Nasser:
Welcome to Shift Happens, I’m Nasser Sahlool. Today I’m joined by Mike Fogarty, head of client development, brand and agency partnerships at Tatari. For years, marketers were told that TV was dying. Apparently, TV didn’t get the memo. In fact, TV’s very much alive. It’s thriving, evolving, becoming more flexible, data-driven and measurable than ever. Of course, audiences are no longer just sitting on the couch watching one screen at a time.
They’re moving across linear TV, streaming platforms, connected TV, digital video, and on demand environments, sometimes all before deciding what to watch. For marketers, that means the opportunity is no longer about choosing one channel over another. It’s about understanding how the full TV ecosystem works together.
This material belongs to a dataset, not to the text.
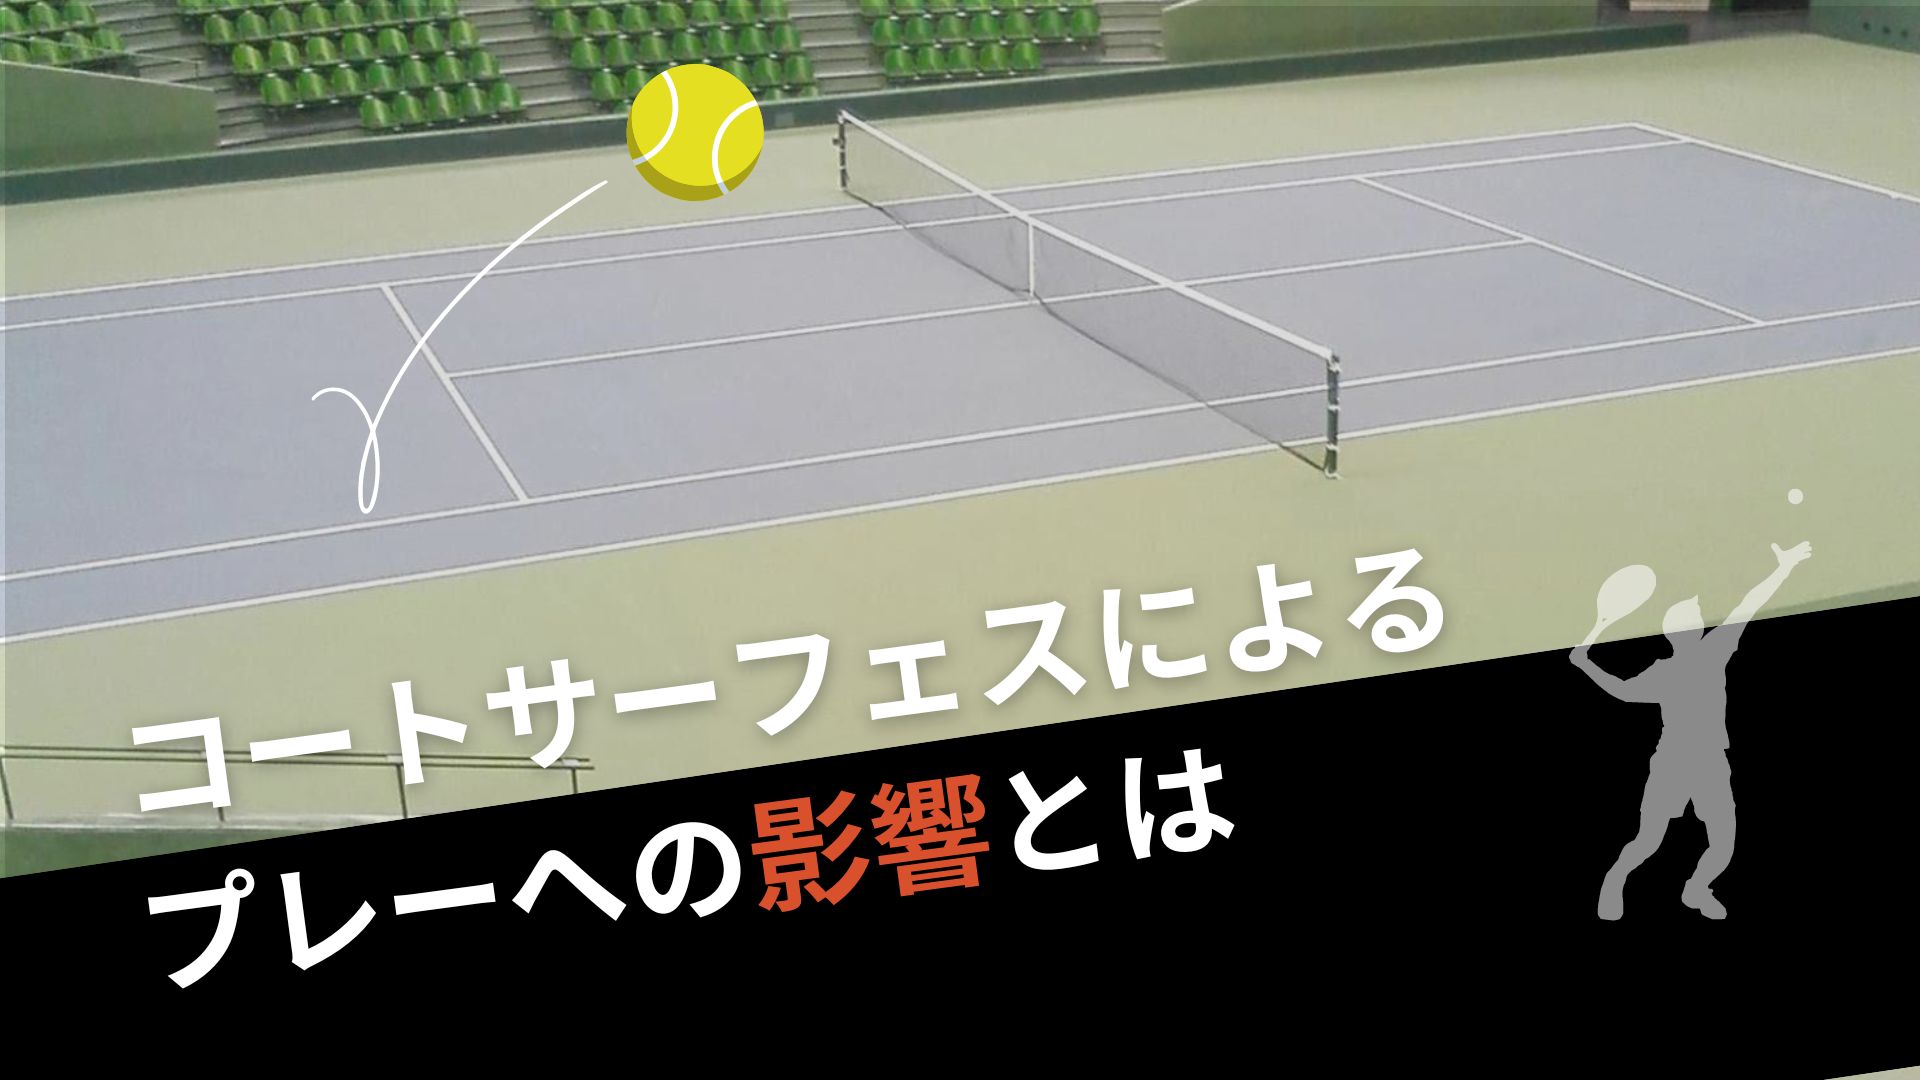 テニスプレーヤーが考えるべきコートサーフェスによるプレーへの影響

In this episode, we’re talking about the rise of convergent TV. What marketers got wrong about the “TV is dead” narrative and how brands can rethink TV as a measurable growth channel. Mike, welcome to Shift Happens.
Mike:
Thank you Nasser, I’m excited to be here. And as you said, the macro shifts are very rapid and things are getting a bit more complex. So looking forward to breaking it down with you today.
Nasser:
Complexity is our friend. First of all, I want to talk a little bit about this whole, you know, working in a space where people say that a thing is dying and your entire kind of category is dying, and then it isn’t. It’s alive, it’s thriving, it’s becoming more measurable. What do you think about what marketers got wrong about the whole TV’s dying narrative?
Mike:
Yeah, I think in a way this topic was a bit disingenuous. I think we’ve been saying that television is decaying or dying for the last ten years, but I think, as you alluded to, it’s been a thriving channel for the last 80 years from both a primary brand builder, but also now moving more into a fungible performance channel because of the way that it’s now consumed over IP. And I think much of the marketer misunderstanding was because of just the noise in the space. And I think there was somewhat of a self-serving rhetoric from streaming growth that, hey, we’re streaming, right? We have streaming IP, we have streaming content.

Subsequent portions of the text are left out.